Given that we observe R, we are interested in knowing the “backward” probabilities P(B_i \lvert R). These probabilities are called the posterior probabilities of the causes. Mathematically, the Bayes’ formula is simply an alternative way of writing the following conditional probability.

\displaystyle (5) \ \ \ \ \ P(B_k \lvert R)=\frac{P(B_k \cap R)}{P(R)}

In (5), as in the discussion of the random experiment of choosing box and selecting ball, we are restricting ourselves to only the cases where the event R is observed. Then we ask, out of all the cases where R is observed, how many of these cases are caused by the event B_k?

The numerator of (5) can be written as

\displaystyle (6) \ \ \ \ \ P(B_k \cap R)=P(R \lvert B_k) \times P(B_k)

The denominator of (5) is obtained from applying the total law of probability.

\displaystyle (7) \ \ \ \ \ P(R)=P(R \lvert B_1) P(B_1) + P(R \lvert B_2) P(B_2)+ \cdots + P(R \lvert B_n) P(B_n)

Plugging (6) and (7) into (5), we obtain a statement of the Bayes’ formula.

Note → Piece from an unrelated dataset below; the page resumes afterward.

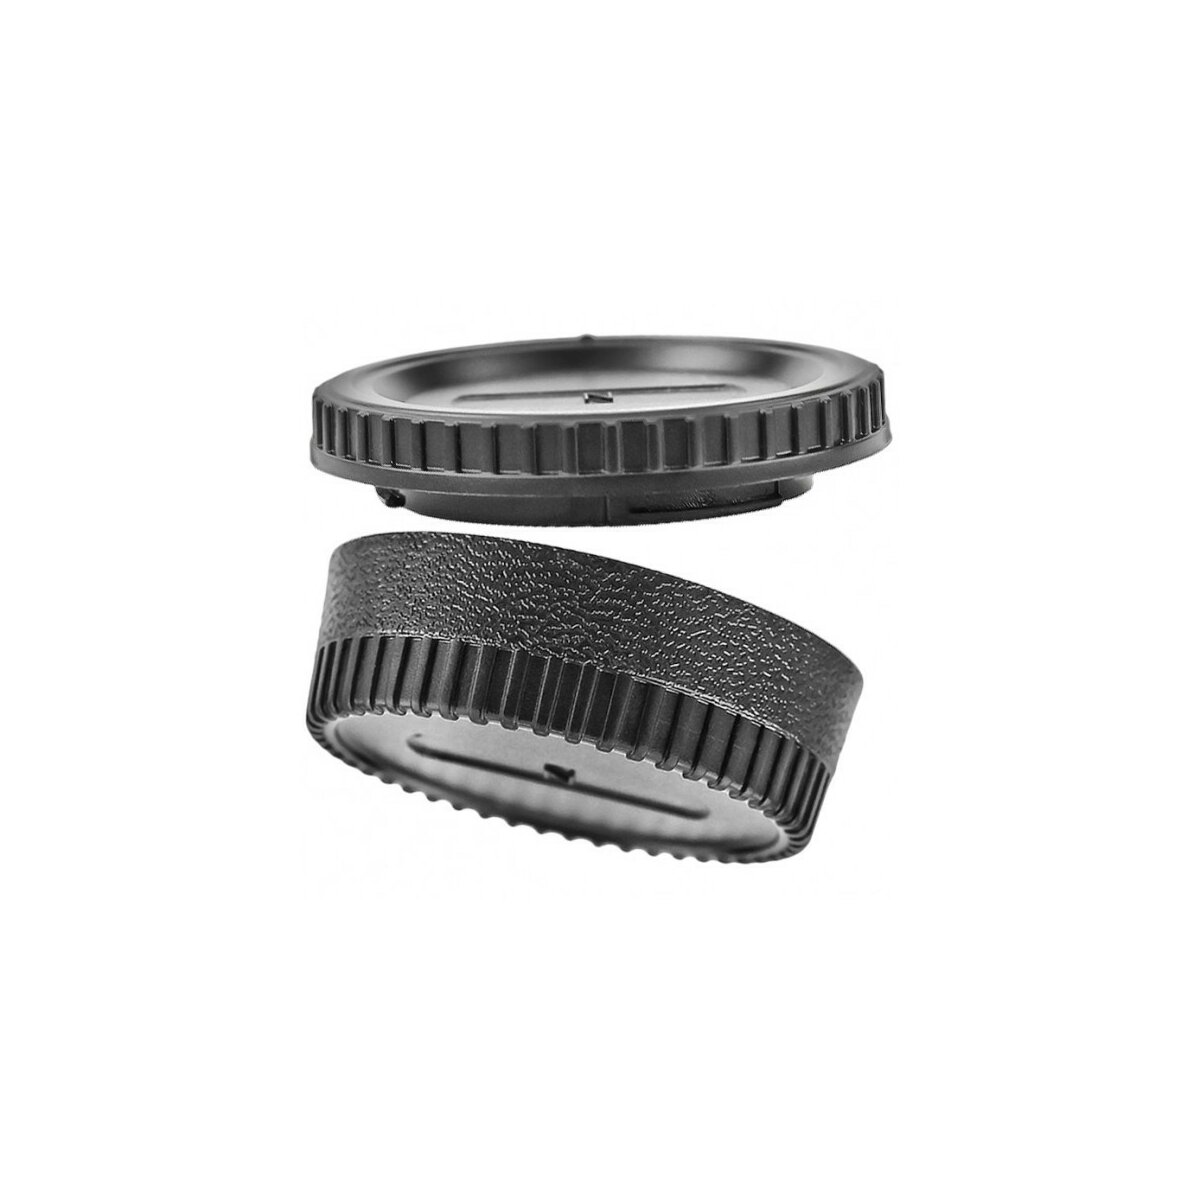 Back Cover for Body And Lens of Nikon DSLR Reflex Cameras
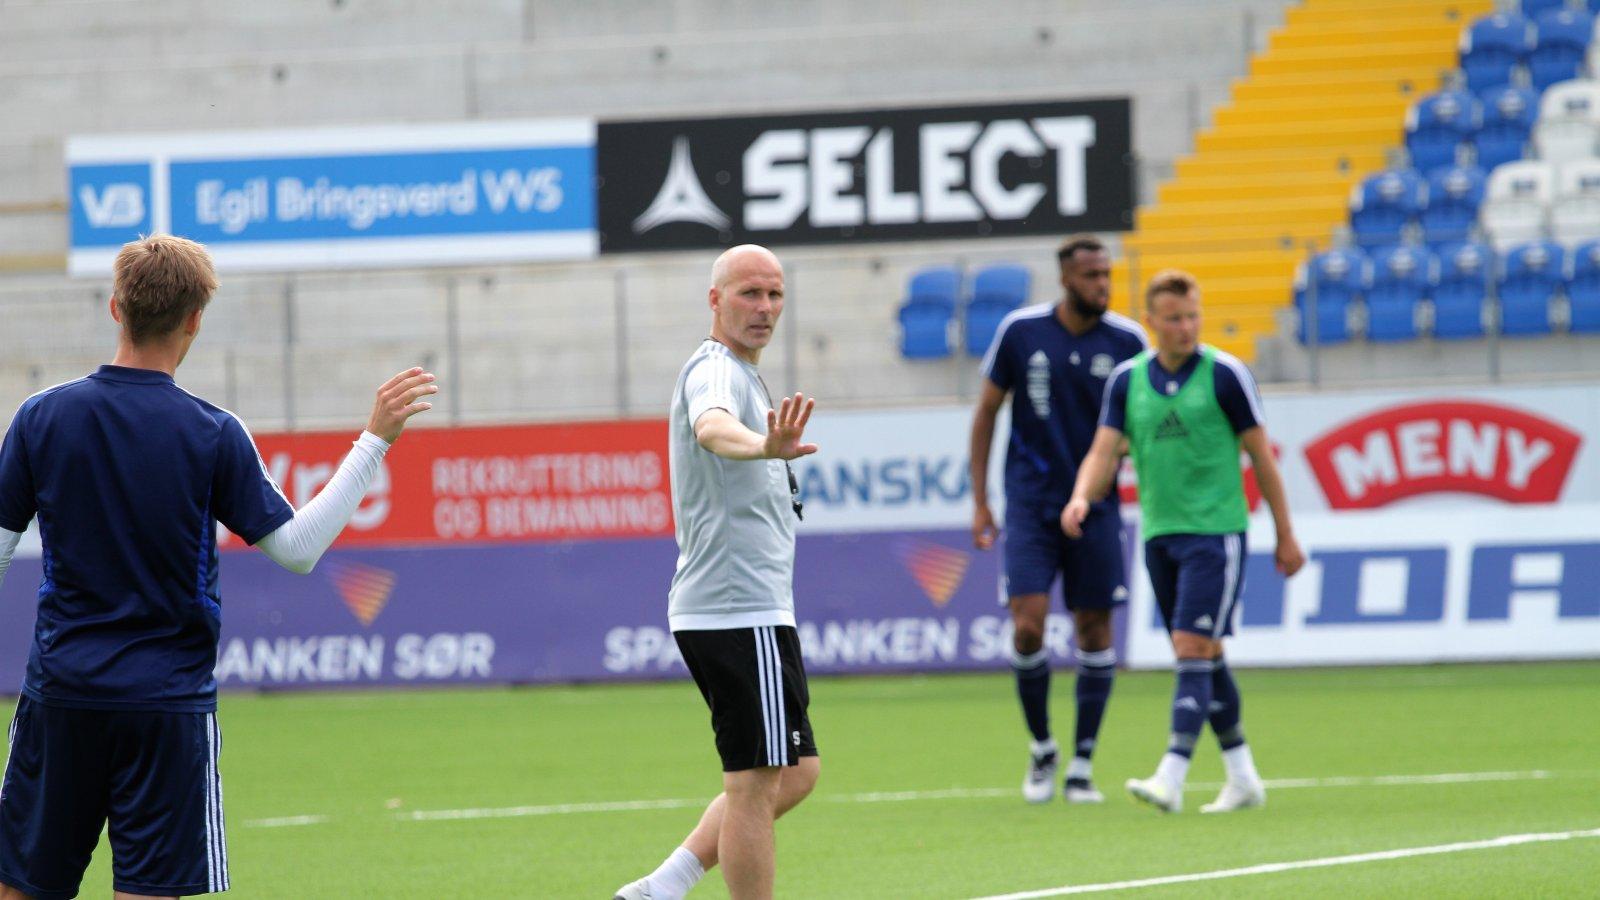 Steinar Pedersen på trening foran kampen mot Kvik Halden.

\displaystyle (8) \ \ \ \ \ P(B_k \lvert R)=\frac{P(P(R \lvert B_k) \times P(B_k)}{\sum \limits_{j=1}^n P(R \lvert B_j) \times P(B_j)} \ \ \ \ \ \ \ \text{(Bayes' Formula)}

Of course, for any computation problem involving the Bayes’ formula, it is best not to memorize the formula in (8). Instead, simply apply the thought process that gives rise to the formula (e.g. the tree diagram shown above).

The Bayes’ formula has some profound philosophical implications, evidenced by the fact that it spawned a separate school of thought called Bayesian statistics. However, our discussion here is solely on its original role in finding certain backward conditional probabilities.

______________________________________________________________
Example 2

Example 2 is left as exercise. The event that both selected balls are red would give even more weight to Box 2. In other words, in the event that a red ball is selected twice in a row, we would believe that it is even more likely that the unknown box is Box 2.
______________________________________________________________
Reference

  1. Feller, W., An Introduction to Probability Theory and Its Applications, third edition, John Wiley & Sons, New York, 1968.
  2. Grinstead, C. M., Snell, J. L. Introduction to Probability, Online Book in PDF format.